## Task statement
Once the pictures are removed, reproduce what is left of the data below exactly.

## Given material
┄┄┄┄┄┄

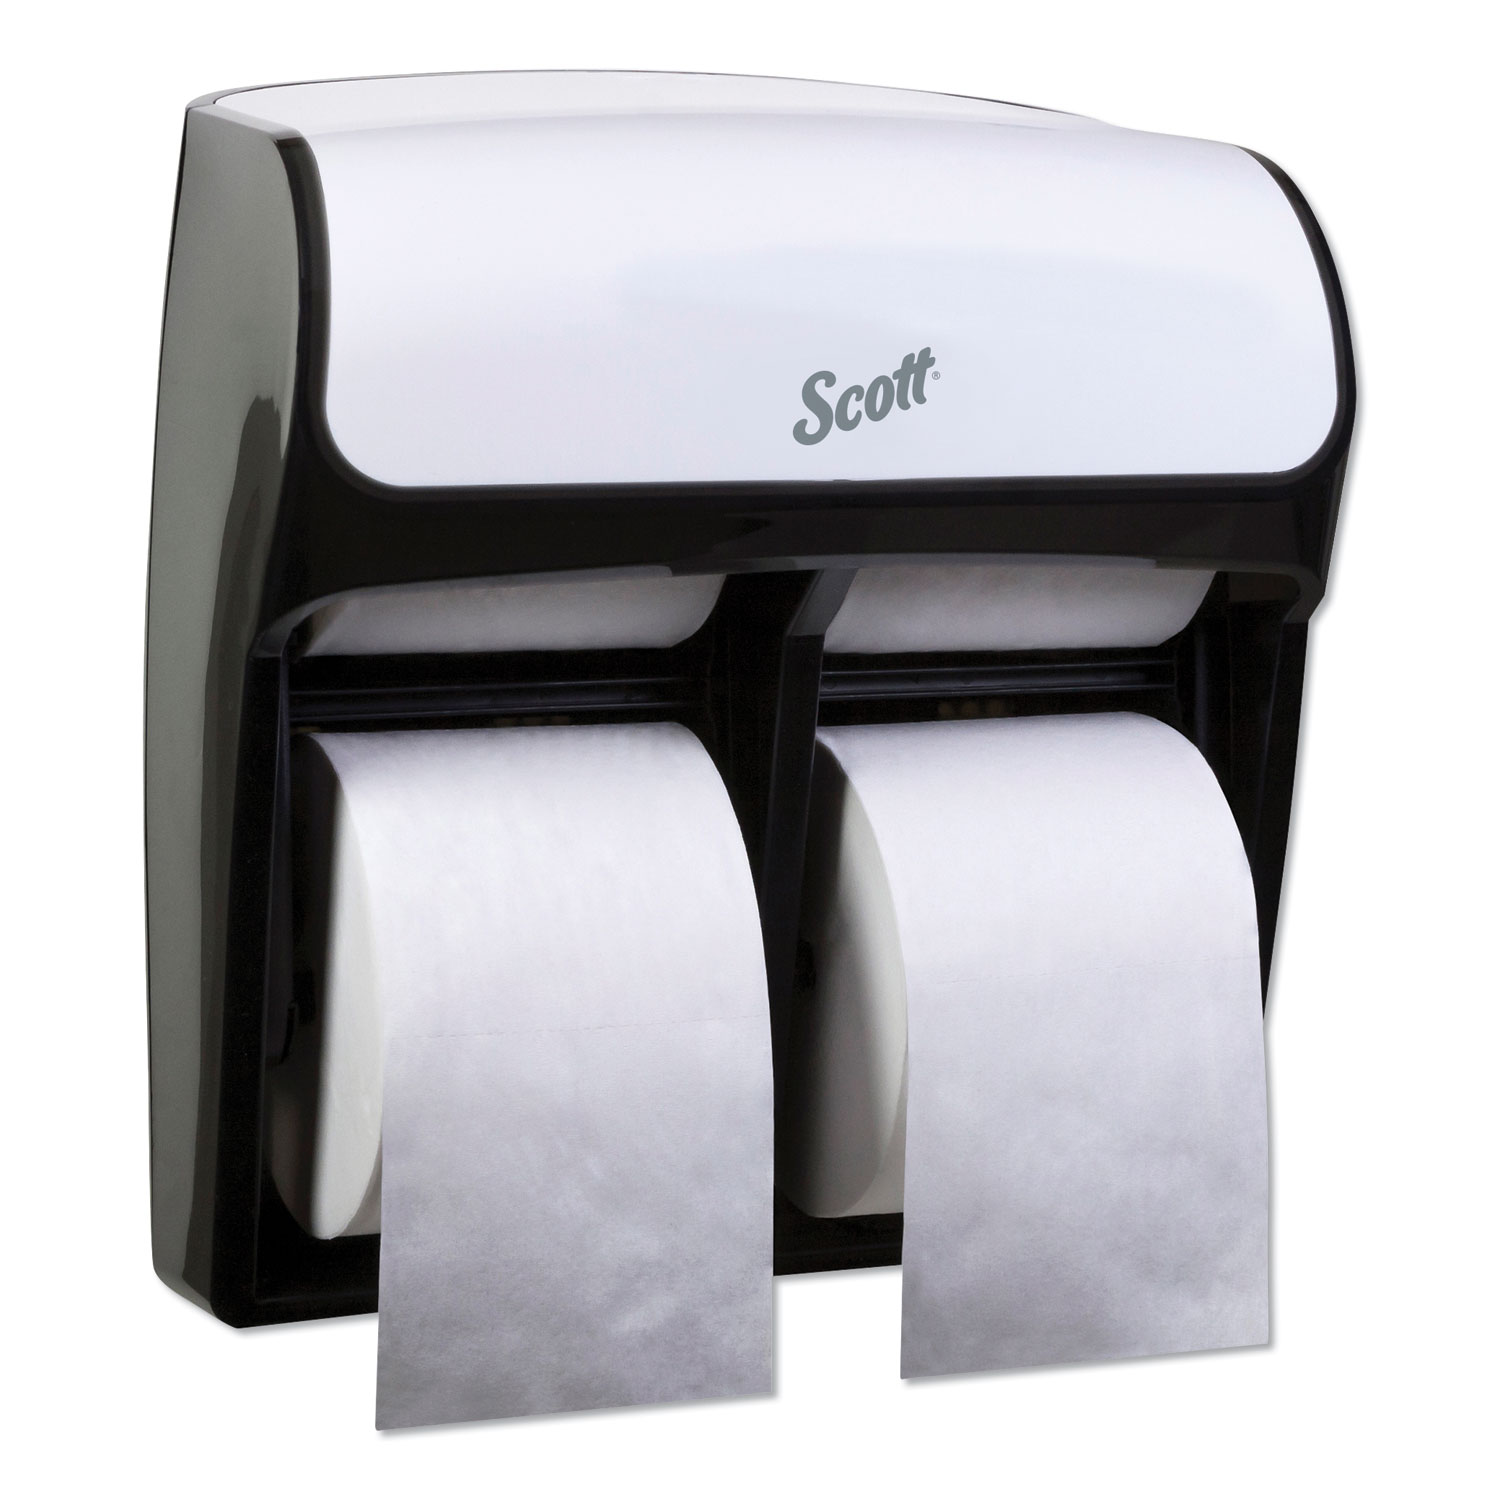  Scott 44517 Pro High Capacity Coreless SRB Tissue Dispenser, 11 1/4 x 6 5/16 x 12 3/4, White (KCC44517) 
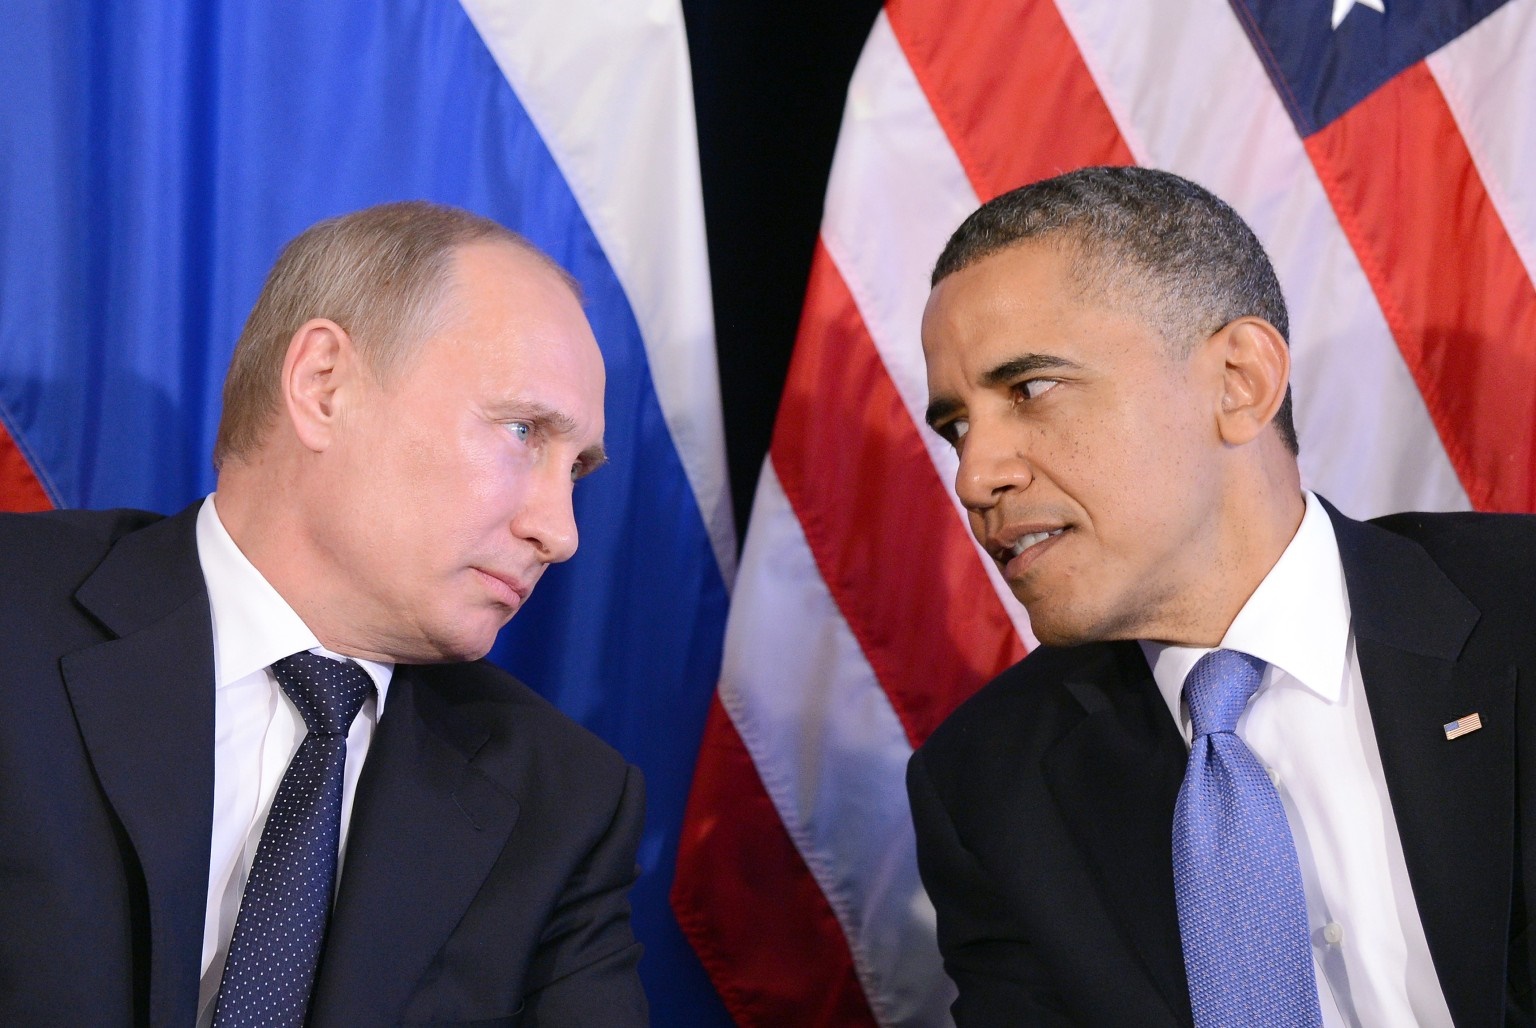 اوباما استراتژیست بهتری است یا پوتین؟
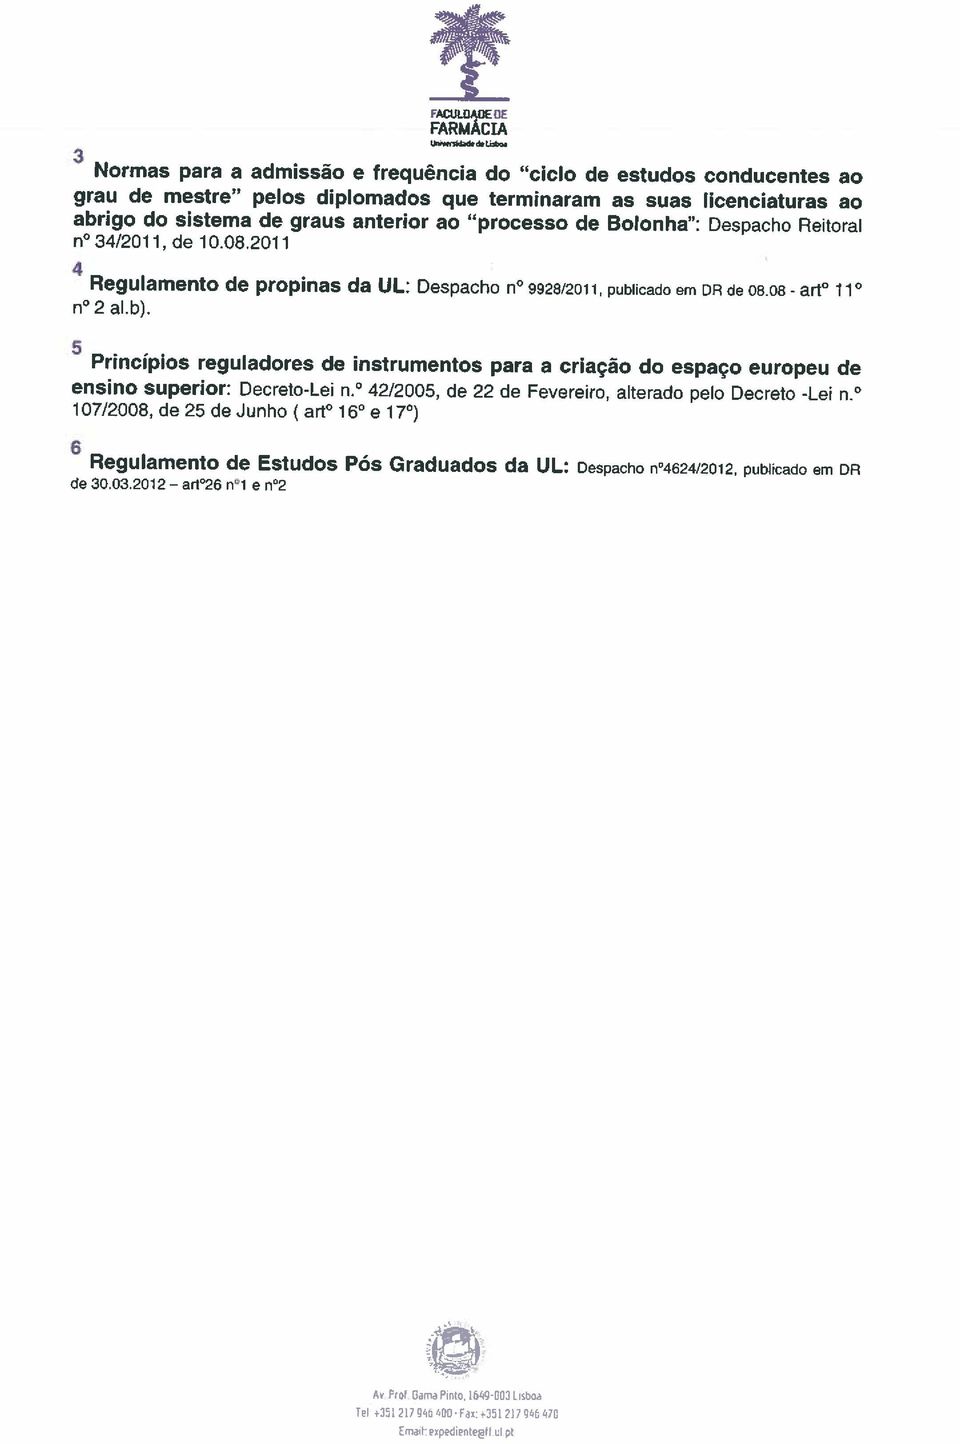 Princípios reguladores de instrumentos para a criação do espaço europeu de ensino superior: Decreto-Lei n. 42/2005, de 22 de Fevereiro, alterado pelo Decreto -Lei n.

┄┄┄┄┄┄

## Answer to this exercise
  Scott 44517 Pro High Capacity Coreless SRB Tissue Dispenser, 11 1/4 x 6 5/16 x 12 3/4, White (KCC44517) 
 اوباما استراتژیست بهتری است یا پوتین؟
 Princípios reguladores de instrumentos para a criação do espaço europeu de ensino superior: Decreto-Lei n. 42/2005, de 22 de Fevereiro, alterado pelo Decreto -Lei n.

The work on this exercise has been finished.